El ministro de Relaciones Exteriores, Fernando Aramayo, presentó este lunes los nuevos lineamientos de la política exterior boliviana, que tienen como objetivos fortalecer la soberanía, promover el desarrollo nacional y orientar la diplomacia hacia resultados concretos para la población.
El Canciller señaló que los nuevos lineamientos se sustentan en tres propósitos: comprender el mundo en transformación, construir una nueva acción exterior y desarrollar una diplomacia cuyos resultados puedan ser percibidos por la población.

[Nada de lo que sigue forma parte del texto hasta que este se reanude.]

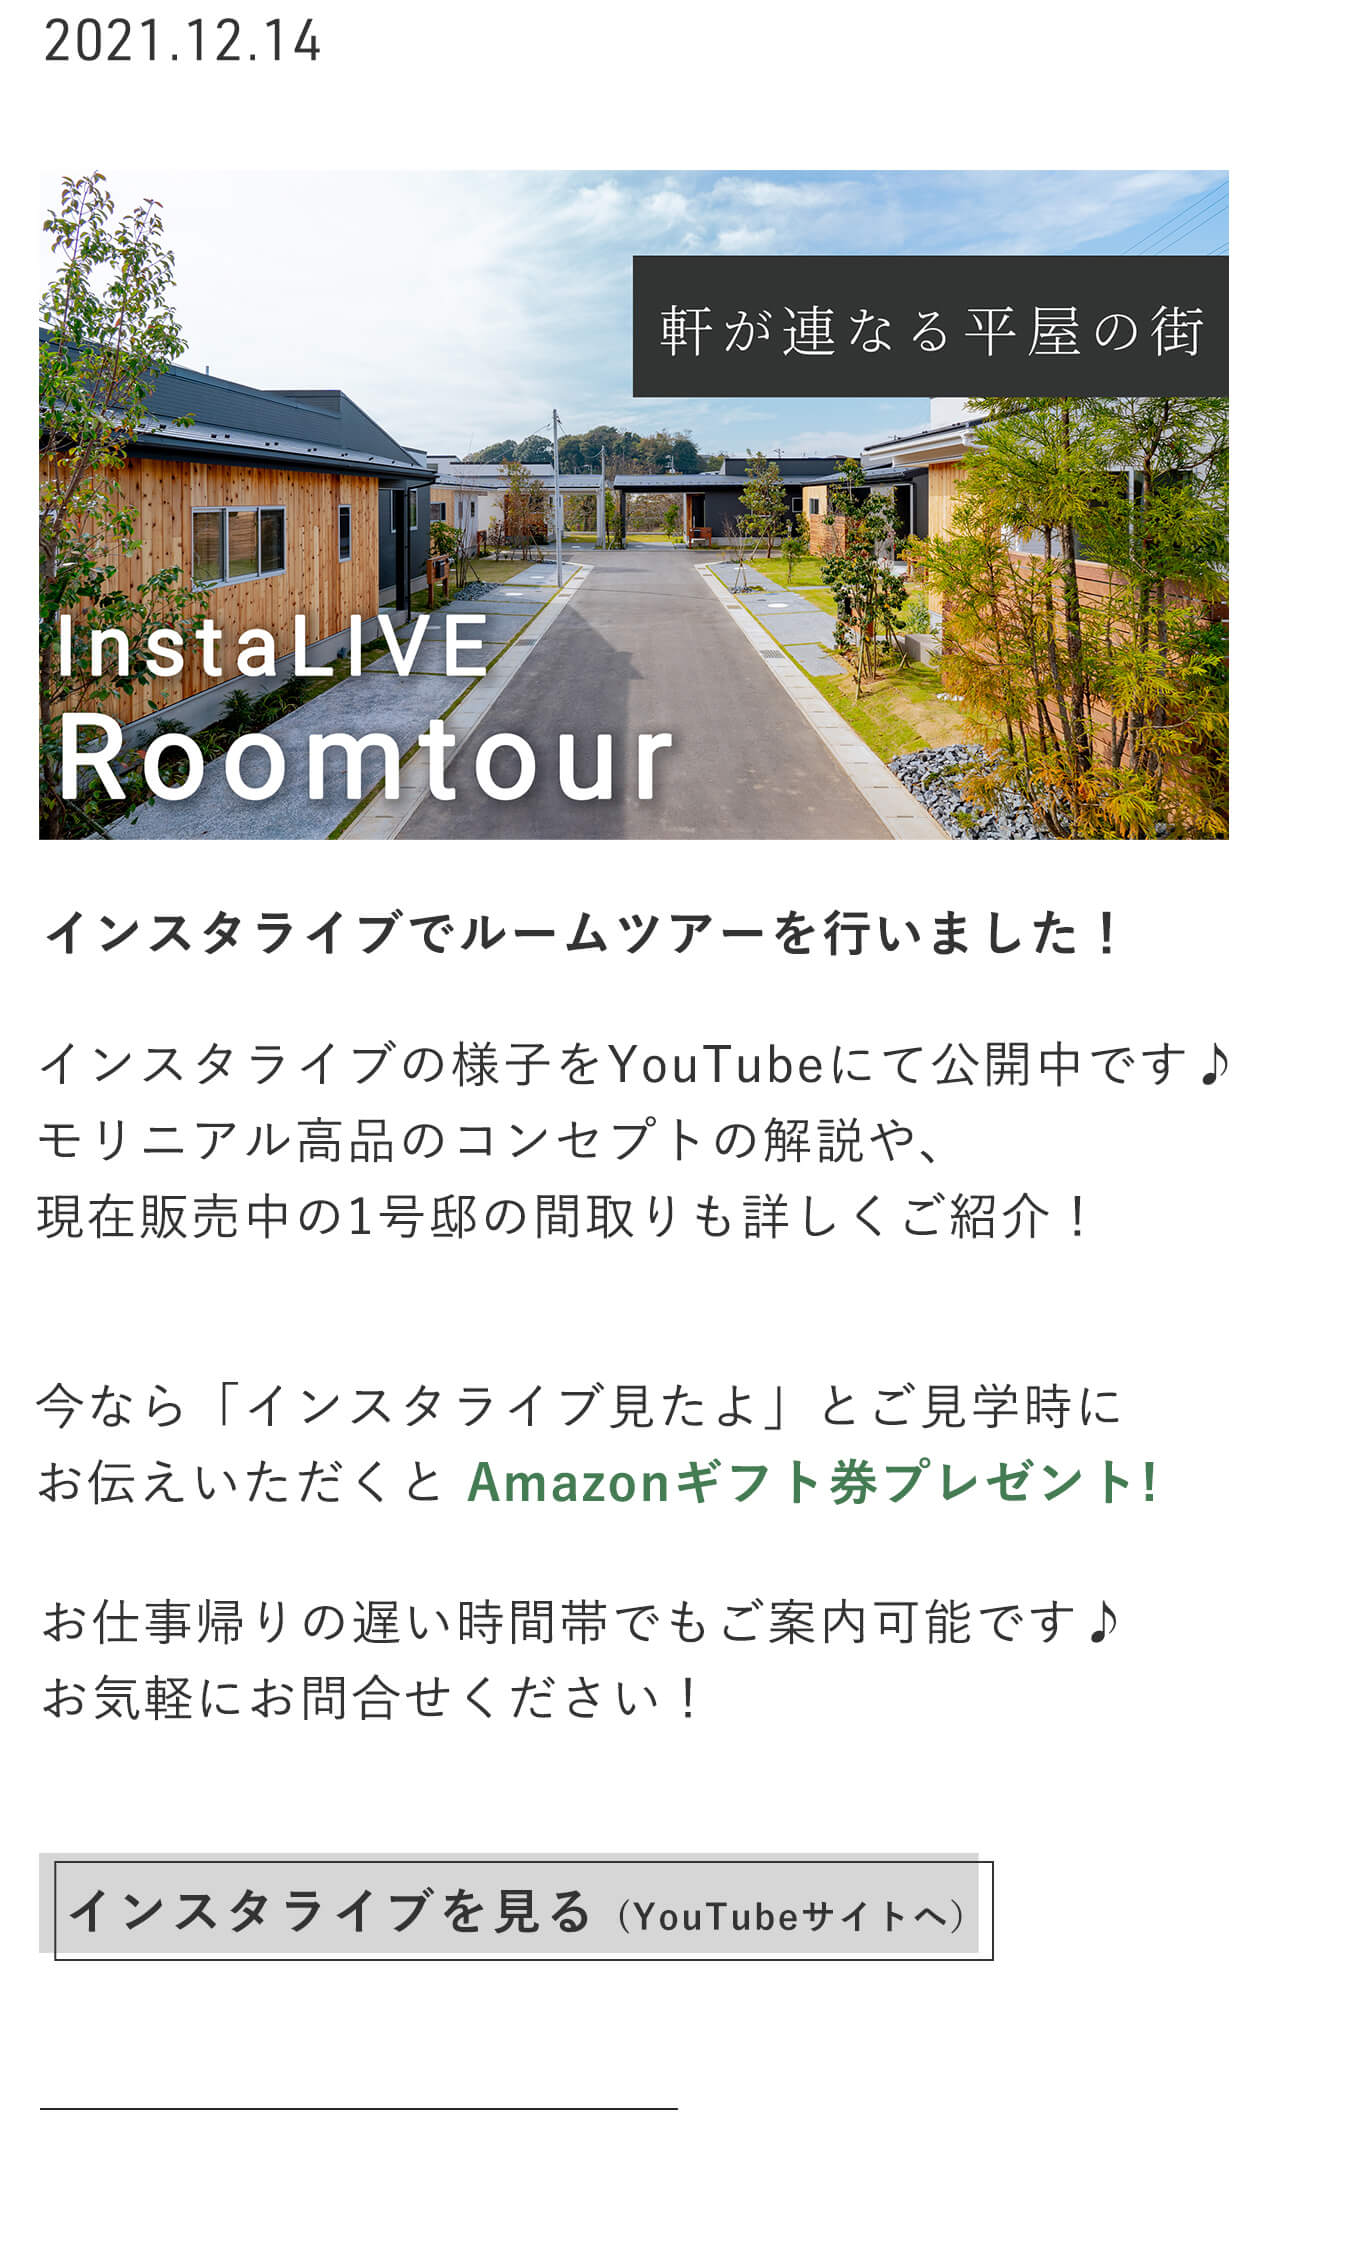 インスタライブの様子をYouTubeで見る／千葉市若葉区の平屋新築一戸建て

“La política exterior debe convertirse en un instrumento del desarrollo nacional. Este es el mandato estratégico que inspira los lineamientos que hoy presentamos”, manifestó.
Aramayo indicó que Bolivia requiere una acción exterior “soberana, pragmática, previsible y capaz de producir resultados”, en un escenario internacional marcado por cambios económicos, tecnológicos y geopolíticos.
“El mundo se transforma. Bolivia también debe transformar la manera en la que se relaciona con él”, sostuvo.
Por su parte, el presidente Rodrigo Paz, sostuvo que la política exterior “debe dejar de ser solo representación y convertirse en desarrollo” y afirmó que “Bolivia no debe integrarse, Bolivia debe integrar”.